In one possible example, a plurality of historical to-be-transmitted videos are acquired, and each of the plurality of historical to-be-transmitted videos is split into at least one historical data block; carrying out probability statistics of historical data values on at least one historical data block of each historical video to be sent, and determining occurrence probability of the historical data values; and determining a replacement value corresponding to the historical data value according to the occurrence probability of the historical data value of each historical video to be transmitted in the plurality of historical videos to be transmitted, and generating a data dictionary.

In one possible example, the replacement value corresponding to the historical data value is an index value, and the index value is ranked from high to low according to the occurrence probability of the historical data value.

In one possible example, sending the replacement value of the at least one data block to the receiving end comprises: and transmitting the replacement value of at least one data block to the receiving end, and adding the marking times according to the transmission times of the replacement value.

It can be understood that, since the method embodiment and the apparatus embodiment are in different presentation forms of the same technical concept, the content of the method embodiment portion in the present application should be adapted to the apparatus embodiment portion synchronously, which is not described herein.

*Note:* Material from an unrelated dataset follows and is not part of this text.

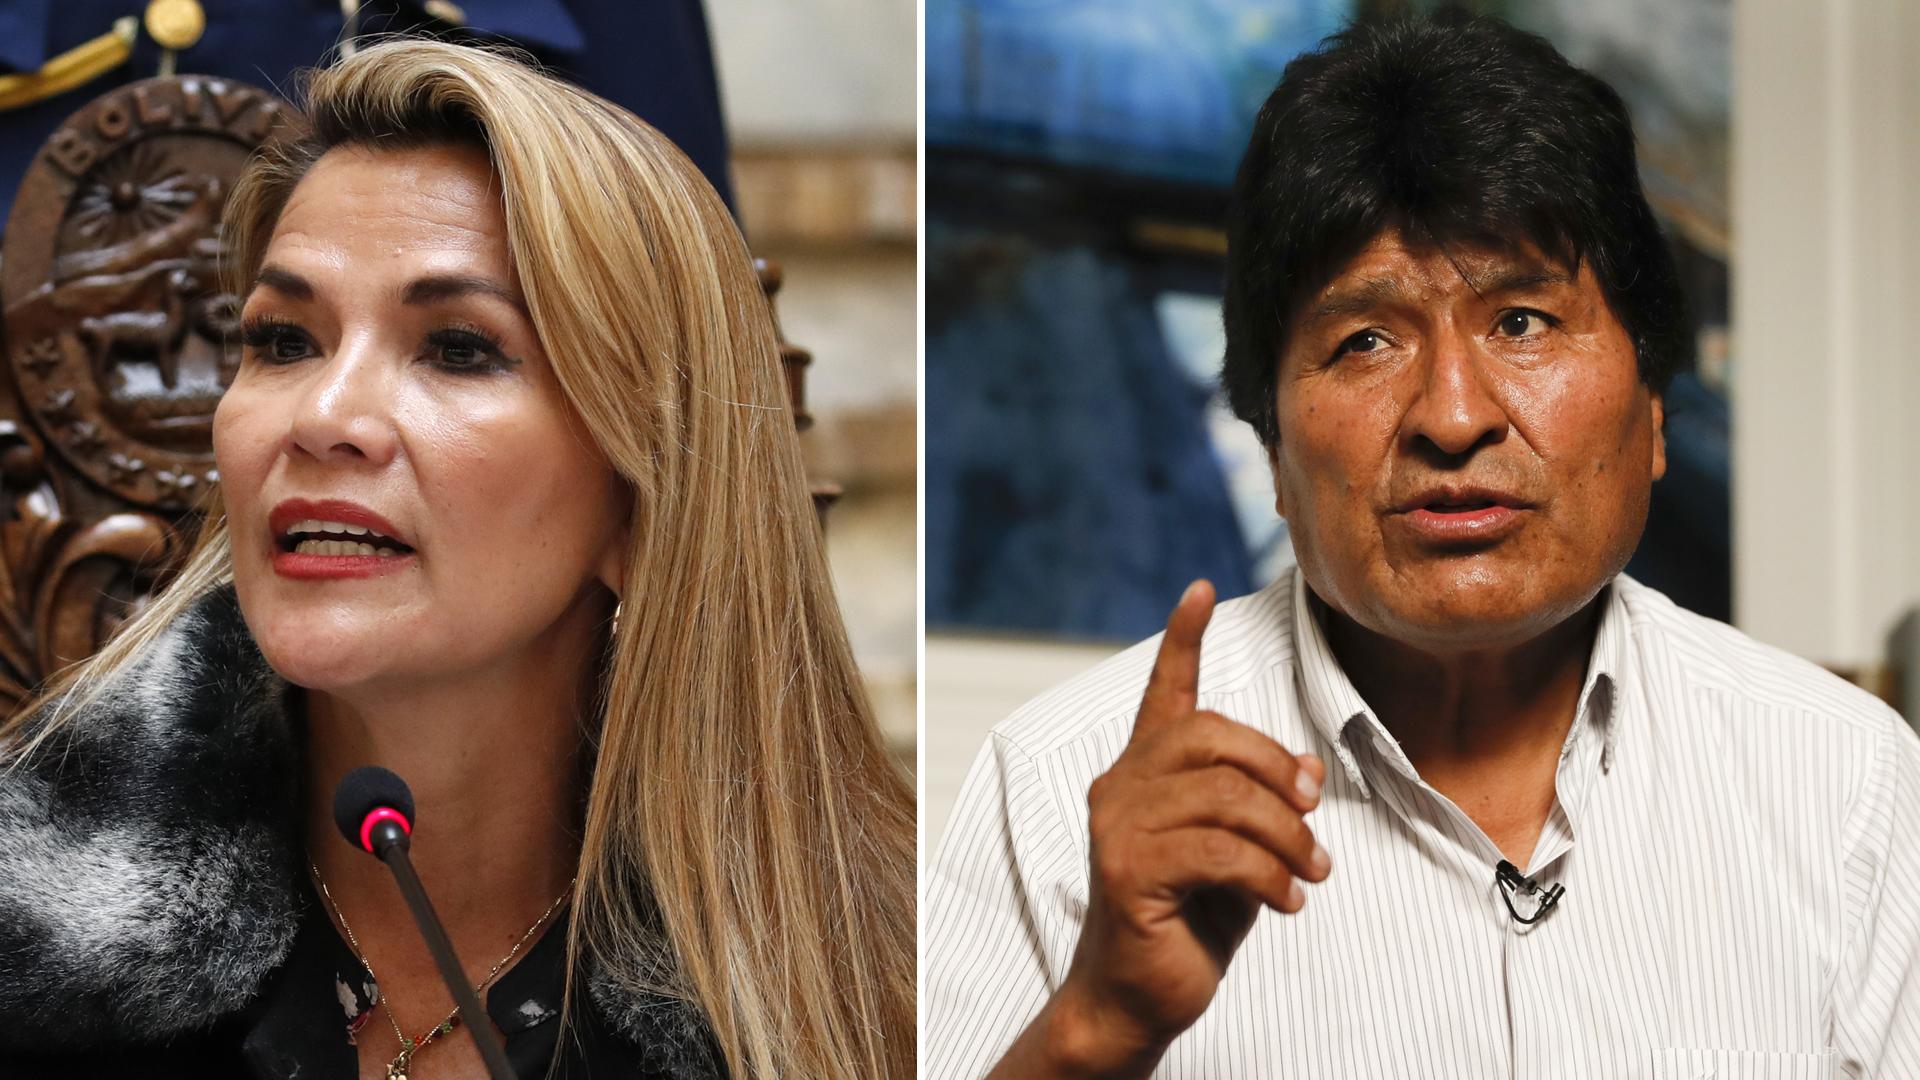 Nueva presidenta de Bolivia le declara la guerra a Evo Morales

In the case of using integrated units, as shown in fig. 5b, fig. 5b is a block diagram of functional units of another data transmission apparatus provided in the embodiment of the present application. In fig. 5b, the data transmission device 51 includes: a processing module 512 and a communication module 511. The processing module 512 is configured to control and manage actions of the data transmission device, for example, performing the steps of the acquisition unit 501, the matching unit 502, and the transmission unit 503, and/or to perform other processes of the techniques described herein. The communication module 511 is used to support interaction between the data transmission apparatus and other devices. As shown in fig. 5b, the data transmission apparatus may further comprise a storage module 513, the storage module 513 being for storing program code and data of the data transmission apparatus.

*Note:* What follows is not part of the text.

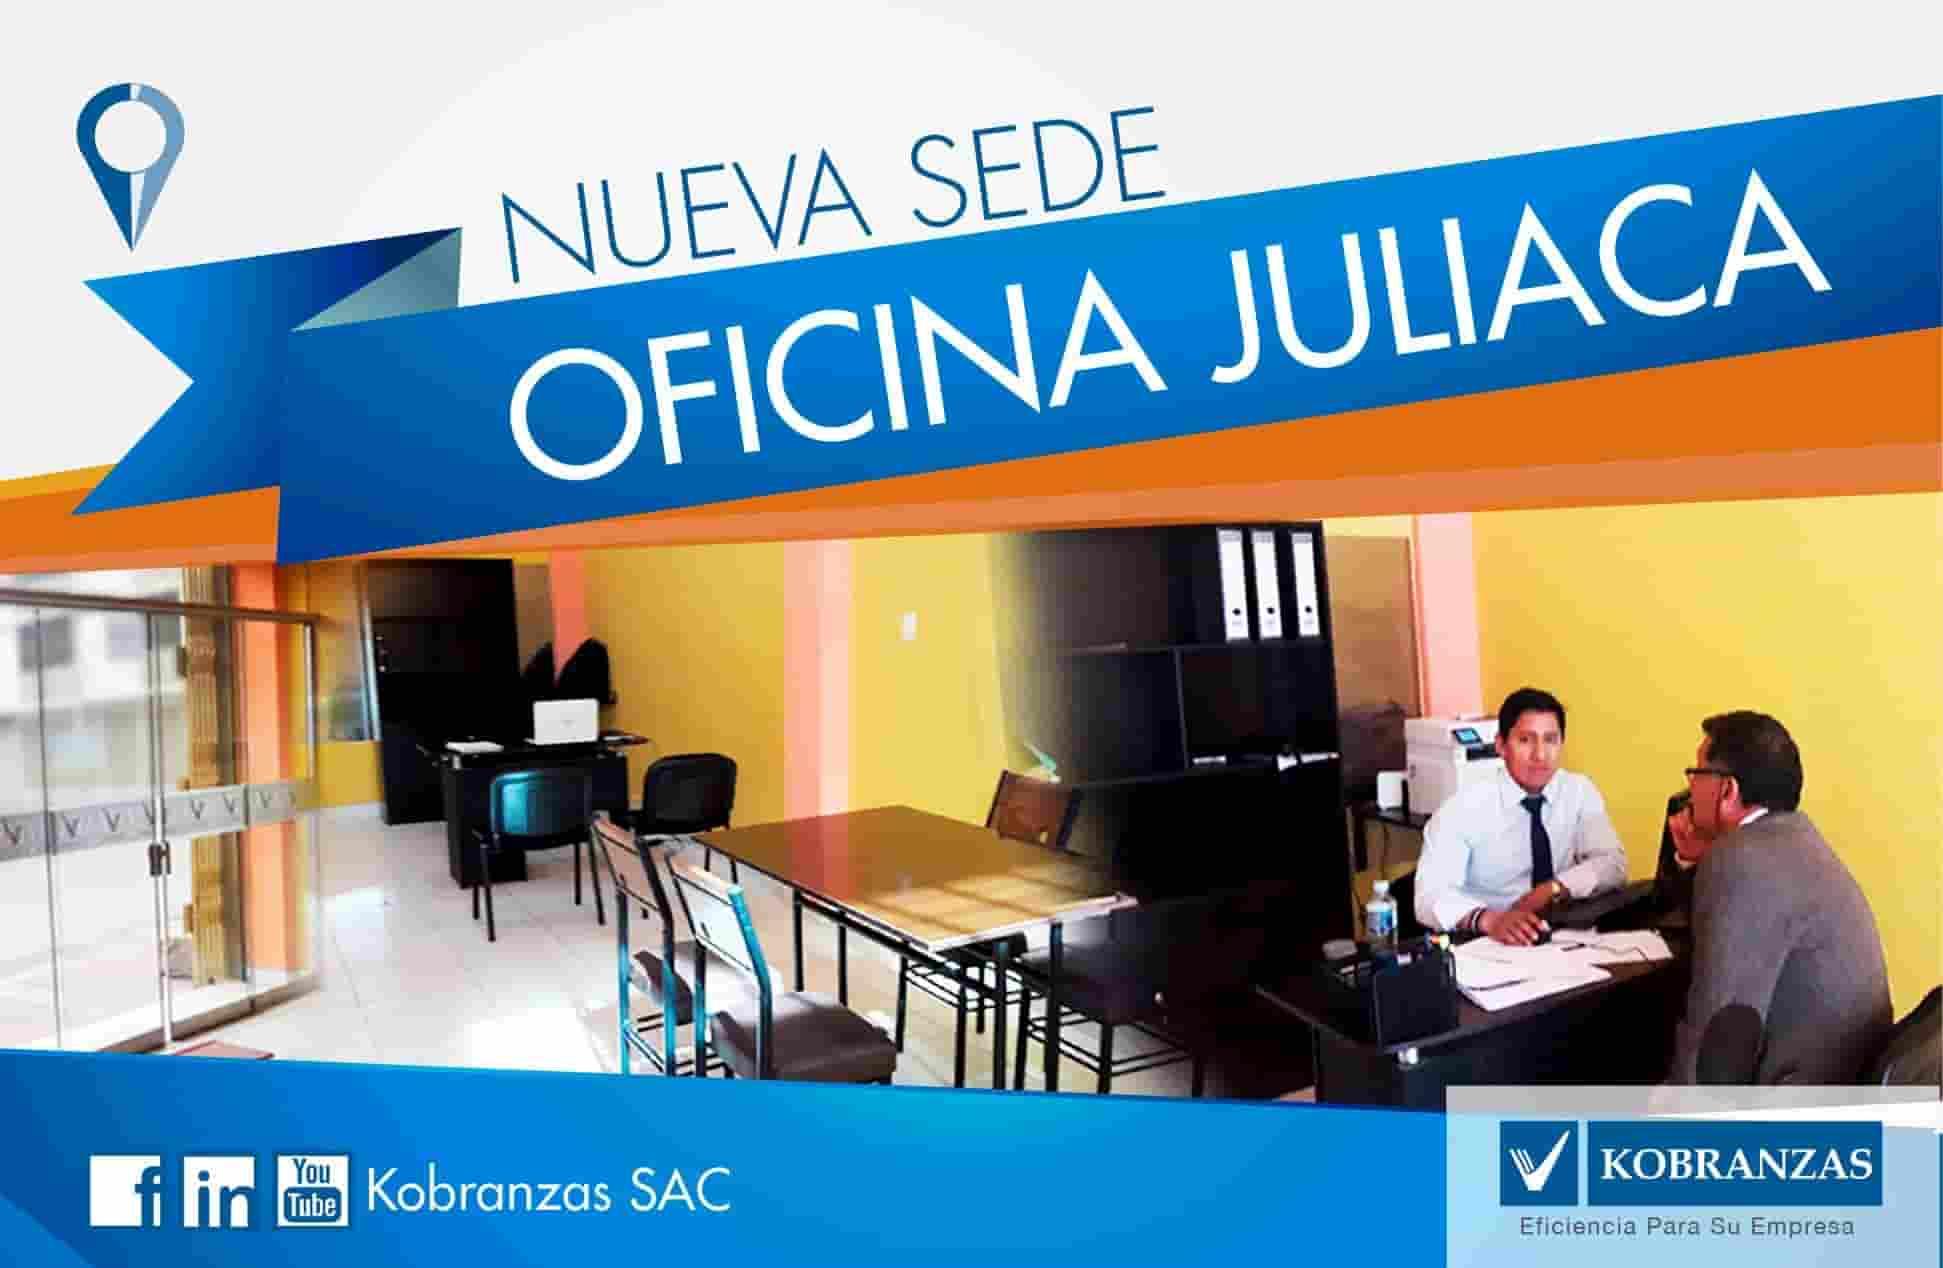 《ペルー小口債務者支援プロジェクトブログ第13弾》<br>Kobsa、ペルー南部にサービスを拡大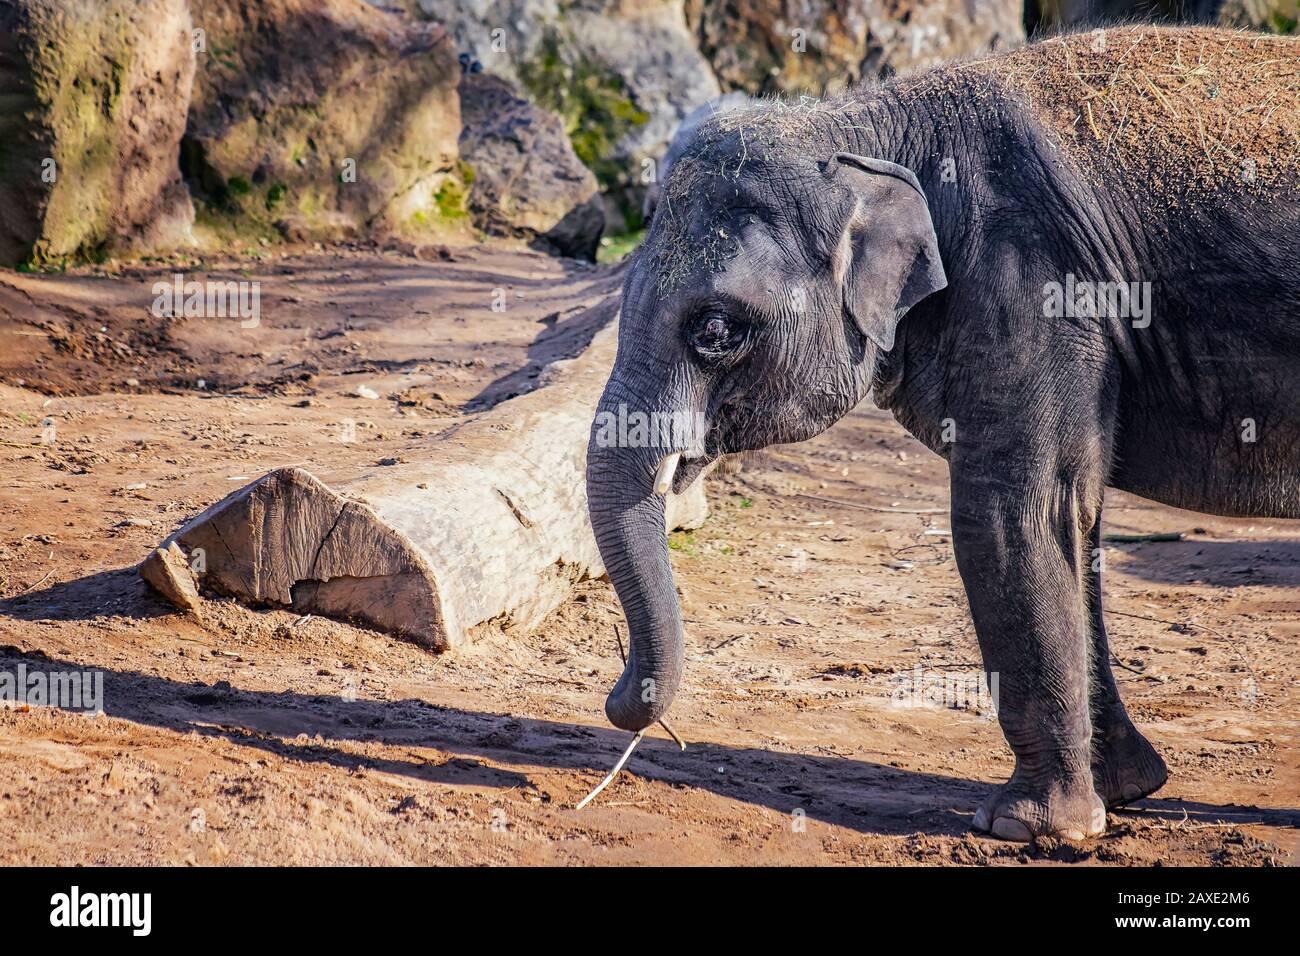 Nahaufnahme des niedlichen Baby-Elefanten. Der asiatische Elefant, auch asiatischer Elefant genannt. Trunk hält einen Ast und isst ihn. Die Art ist verbreitet Stockfoto

The processing module 512 may be a processor or controller, such as a central processing unit (Central Processing Unit, CPU), a general purpose processor, a digital signal processor (Digital Signal Processor, DSP), an ASIC, an FPGA or other programmable logic device, a transistor logic device, a hardware component, or any combination thereof. Which may implement or perform the various exemplary logic blocks, modules, and circuits described in connection with this disclosure. A processor may also be a combination that performs computing functions, e.g., including one or more microprocessors, a combination of a DSP and a microprocessor, and so forth. The communication module 511 may be a transceiver, an RF circuit, a communication interface, or the like. The memory module 513 may be a memory.

All relevant contents of each scenario related to the above method embodiment may be cited to the functional description of the corresponding functional module, which is not described herein. The data transmission device 51 may perform the data processing method shown in fig. 2.

In accordance with the above-described embodiments, referring to fig. 6a, fig. 6a is a functional block diagram of a data transmission device according to an embodiment of the present application, where the device is applied to a receiving end, and the transmitting end is communicatively connected to the receiving end, as shown in fig. 6a, a data transmission device 60 includes: a receiving unit 601, configured to receive a replacement value of at least one data block from a transmitting end; and the matching unit 602 is configured to match the replacement value of at least one data block with the data dictionary, determine a data value corresponding to the data block, where the replacement value corresponding to the data value is determined according to data value training of the historical data block.

In one possible example, a plurality of historical to-be-transmitted videos are acquired, and each of the plurality of historical to-be-transmitted videos is split into at least one historical data block; carrying out probability statistics of historical data values on at least one historical data block of each historical video to be sent, and determining occurrence probability of the historical data values; and determining a replacement value corresponding to the historical data value according to the occurrence probability of the historical data value of each historical video to be transmitted in the plurality of historical videos to be transmitted, and generating a data dictionary.

In one possible example, the replacement value corresponding to the historical data value is an index value, and the index value is ranked from high to low according to the occurrence probability of the historical data value.

In one possible example, receiving the replacement value for the at least one data block further includes receiving a number of flags for the replacement value, the number of flags being used to flag a number of transmissions of the replacement value, the method further comprising: and determining the packet loss condition of at least one data block according to the marking times of the replacement values.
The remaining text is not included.